# Cleaning alloy engine parts for rebuild



## souster4 (Jun 30, 2011)

Hi All

I'm just in the middle of a project at the moment. Rebuilding a land rover defender. I realised there would be no better people to ask than you guys on this issue. 

The engine to rebuild has many alloy components that are quite heavily oxidised, covered in many years of grease and grime and also has flaking OE engine laquer flaking off. 

My plan is clean these up to bare alloy, then paint them. However, im not sure what chemicals to use, because a wire brush in a drill is proving very relentless and inaffectigr in the small nooks and crannies. Staining from the alloy cleaner isn't an issue as they will be painted. 

Can anyone help or shed any light? 

Many thanks


----------



## Jack R (Dec 15, 2014)

Is the motor still in the defender? Might be easier to get it properly cleaned by a soda blaster or similar.


----------



## souster4 (Jun 30, 2011)

JR1982 said:


> Is the motor still in the defender? Might be easier to get it properly cleaned by a soda blaster or similar.


Thanks for the reply mate. Then engine is out the vehicle, I was worried about soda blasting getting into areas that it shouldn't. Obviously a lot of the engine is stripped but there are still parts that have to be reused and can't be removed.

Cheers


----------



## nick_mcuk (Jan 4, 2008)

So I had the same with the 205 when I did the resto on it.

I found that AutoGlym Acid Wheel Cleaner works really really well on the ally bits.

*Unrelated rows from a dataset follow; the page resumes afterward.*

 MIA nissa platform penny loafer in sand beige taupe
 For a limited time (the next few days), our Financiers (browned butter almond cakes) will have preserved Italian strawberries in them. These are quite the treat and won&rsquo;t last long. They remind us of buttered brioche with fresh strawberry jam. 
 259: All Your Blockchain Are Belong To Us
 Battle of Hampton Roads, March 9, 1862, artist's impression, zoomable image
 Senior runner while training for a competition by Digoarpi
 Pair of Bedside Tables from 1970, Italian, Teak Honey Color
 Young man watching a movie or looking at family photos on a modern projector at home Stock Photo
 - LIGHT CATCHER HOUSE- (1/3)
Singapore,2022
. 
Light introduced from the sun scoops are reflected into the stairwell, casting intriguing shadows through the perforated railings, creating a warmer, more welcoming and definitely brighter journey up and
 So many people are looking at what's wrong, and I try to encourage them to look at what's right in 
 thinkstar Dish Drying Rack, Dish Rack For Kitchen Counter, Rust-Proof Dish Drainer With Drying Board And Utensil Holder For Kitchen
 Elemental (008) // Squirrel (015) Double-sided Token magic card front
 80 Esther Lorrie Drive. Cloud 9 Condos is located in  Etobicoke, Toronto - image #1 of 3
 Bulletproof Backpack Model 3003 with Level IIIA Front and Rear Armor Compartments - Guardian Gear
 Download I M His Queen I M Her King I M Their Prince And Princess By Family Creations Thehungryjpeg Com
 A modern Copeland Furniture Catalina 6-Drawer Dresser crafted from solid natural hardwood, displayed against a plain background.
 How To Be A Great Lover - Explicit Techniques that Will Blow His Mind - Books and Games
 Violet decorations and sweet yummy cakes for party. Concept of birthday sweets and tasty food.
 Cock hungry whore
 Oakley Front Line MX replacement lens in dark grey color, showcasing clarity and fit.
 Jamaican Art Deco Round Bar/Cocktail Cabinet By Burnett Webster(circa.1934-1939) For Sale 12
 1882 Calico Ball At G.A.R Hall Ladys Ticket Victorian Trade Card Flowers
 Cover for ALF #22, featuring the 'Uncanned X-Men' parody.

My suggestion would be to thoroughly degrease the engine and all components with a strong TFR or something like G101..if you can use a hot pressure washer/Steam cleaner this will help even further. Once this is done spray on the Acid Wheel cleaner and give a going over with a detail brush then wash it off after giving it 5-10 mins to dwell.

You should now have a super clean and back to bare finish ally castings...you will need to put something on like WD40 or a silicon dressing spray as the finish will oxidise rapidly if left open to the elements.


----------



## Welshquattro1 (Dec 6, 2013)

nick_mcuk said:


> So I had the same with the 205 when I did the resto on it.
> 
> I found that AutoGlym Acid Wheel Cleaner works really really well on the ally bits.
> 
> ...


Out of interest what finish does the Acid wheel cleaner leave as I don't want it turning black.I want to clean the intake manifold on my Audi which is non coated ally casting and I don't want to paint it after.


----------



## RaceGlazer (Jan 10, 2007)

Race Glaze AluBright is a very popular and proven product in doing exactly what you describe.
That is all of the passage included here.